このような考え方に対しては、「本判決は、昭和57年判決の立場を再確認し、その基準化の確立をいっそう強めた点」、医療水準につき厚生省研究班報告の昭和50年に発表された「未熟児網膜症の診断ならびに治療基準に関する研究報告」をもって、その具体的内容・時期の一般的基準になることを明らかにしたことに特徴があると指摘する見解(注3)、さらには「未熟児網膜症につき医療水準の具体的内容を明らかにした判例とみられる」との見解(注4)もあるが、本件判決は注意義務の基準という医療水準に関する一連の判決の流れには連ならず、経験不足で未熟な医師に過失を肯定する前提として、厚生省研究班報告の一般的基準の認識を認めた事案であると解されるべきである。

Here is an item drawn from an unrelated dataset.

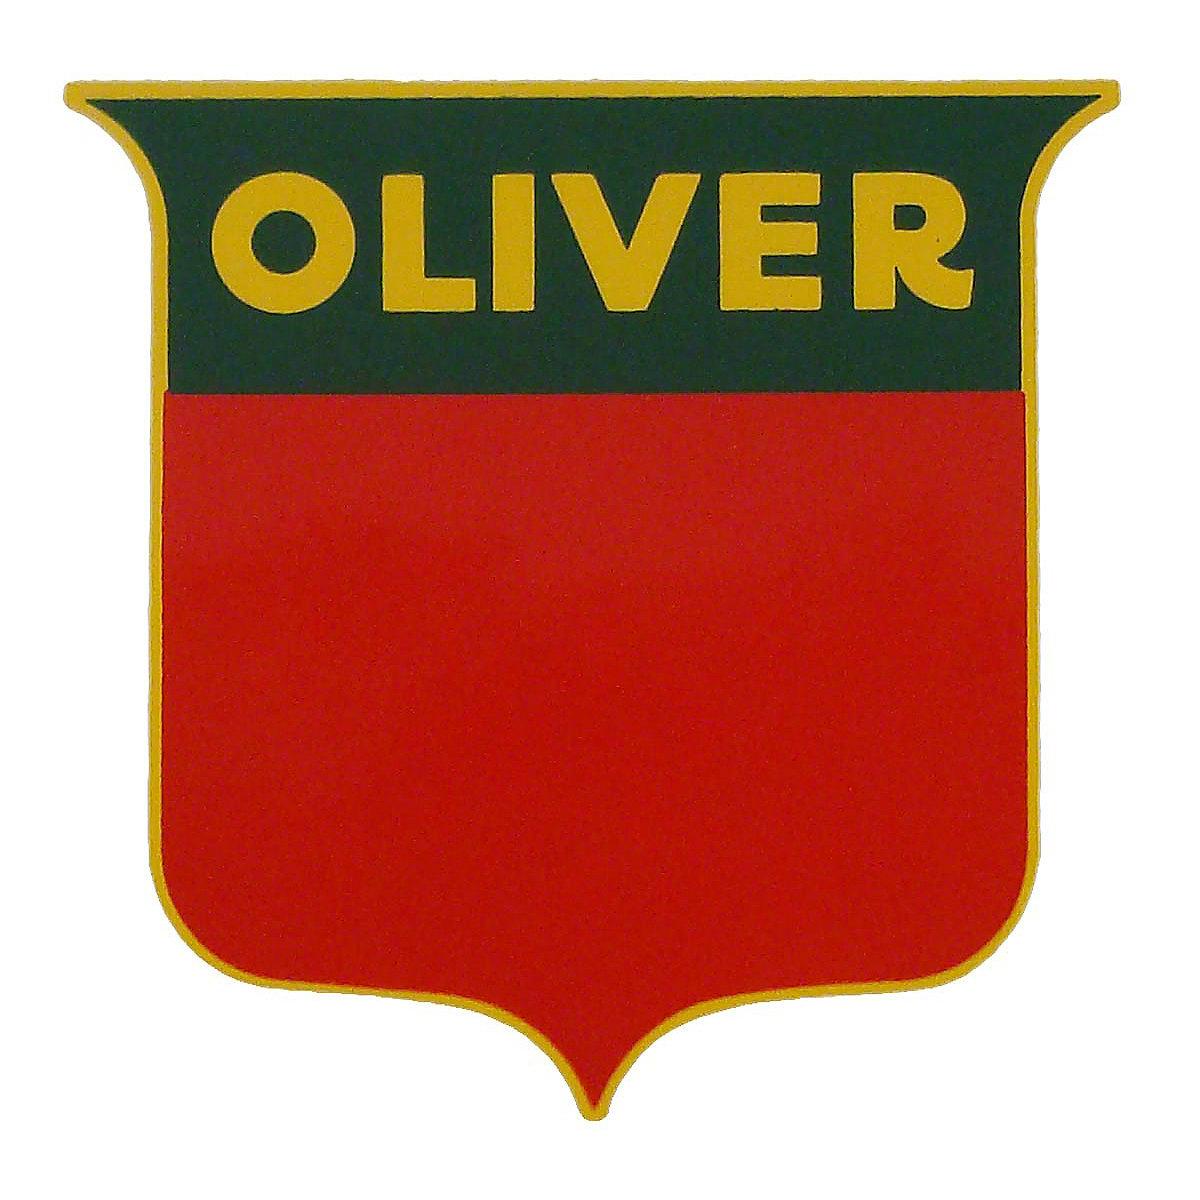 dec454 oliver shield decal rh steinertractor com oliver tractor logo history oliver tractor logo vector

(注1)稲垣喬・民商94巻2号270頁は、「本判決は、判文上も、かかる医療水準に関する一般的命題を提示する手法によらず、改めて、『失明等の危険の発生を未然に防止すべき注意義務』を定立し、事案との兼ね合いにおいて、伝統的な過失判定における注意義務構成に依拠して、これを処理しているようにもみうけられ、この意味で、最高裁が原則的義務違反宣言をした最判昭和36年2月1日のいう医療機関についての『危険防止のために実験上必要とされる最善の注意義務』への強い帰還の姿勢を示しているかのような観を呈している。」とし、「経験が浅く、未熟児医療における診療の延長としての院内外における適切な受診療を指示する義務の履践がなかったという次元で、注意義務違反の存否の判断をしている点にその特色が」あるとする。

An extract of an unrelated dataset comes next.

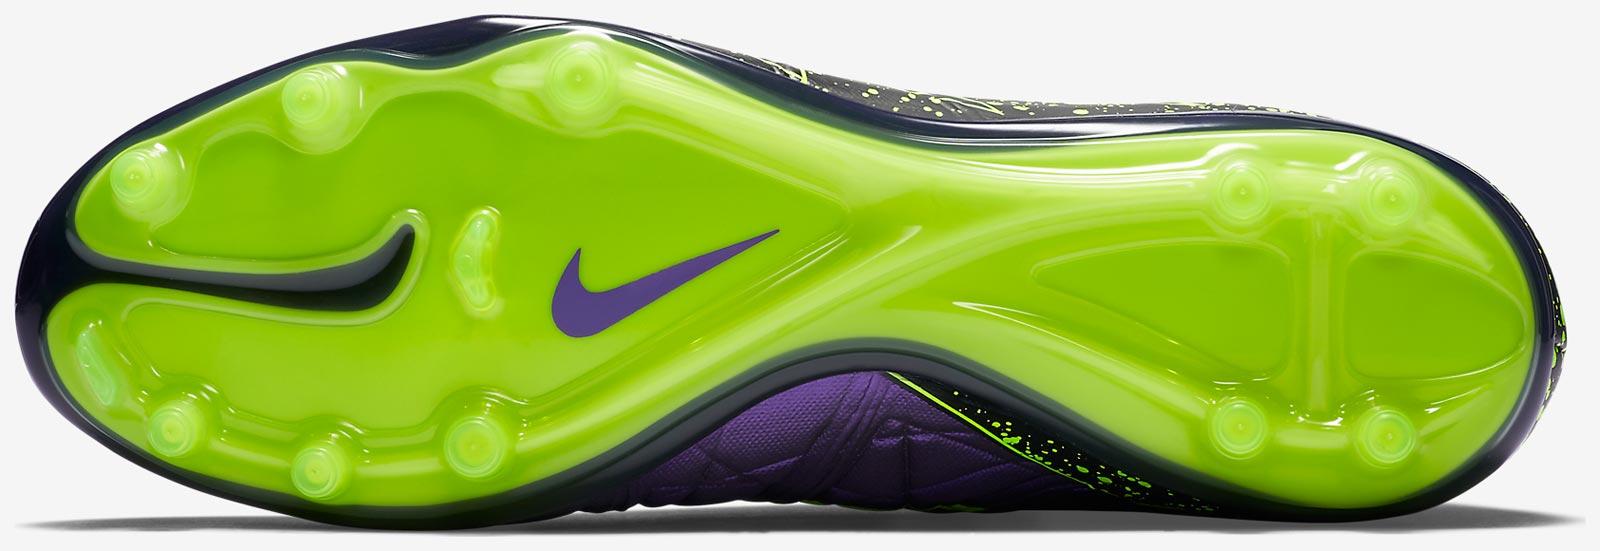 Neymars Schuhe

(注2)坂出市立病院事件第一審昭和53年3月31日高松地裁丸亀支部判決(判時908号82頁)は、「当該医師の過失の前提となる注意義務について、その当時の通常の医師における臨床医学の水準的知識(中略)がまず基礎とされるべきである。(中略)日進月歩の医学の研さんに努めている通常の医師によってそのようなものとして当時認識されていた臨床医学の水準(以下『医療水準』という。)をもって、まず注意義務の判断の基準となすべきである」と判断している。同判決は、最先端の医学知識を基礎とすべきではないという趣旨で「通常の医師」を基準とすべきであると判示しているが、未熟で経験不足の医師を基準とすべきではないことも当然に含んでいると理解される。
八幡病院事件昭和63年1月19日最三判における伊藤正己補足意見は、医療水準は「専門家としての相応の能力を備えた医師が研さん義務を尽くし、転医勧告義務をも前提とした場合に達せられるあるべき水準として考えられなければならない。」と述べる。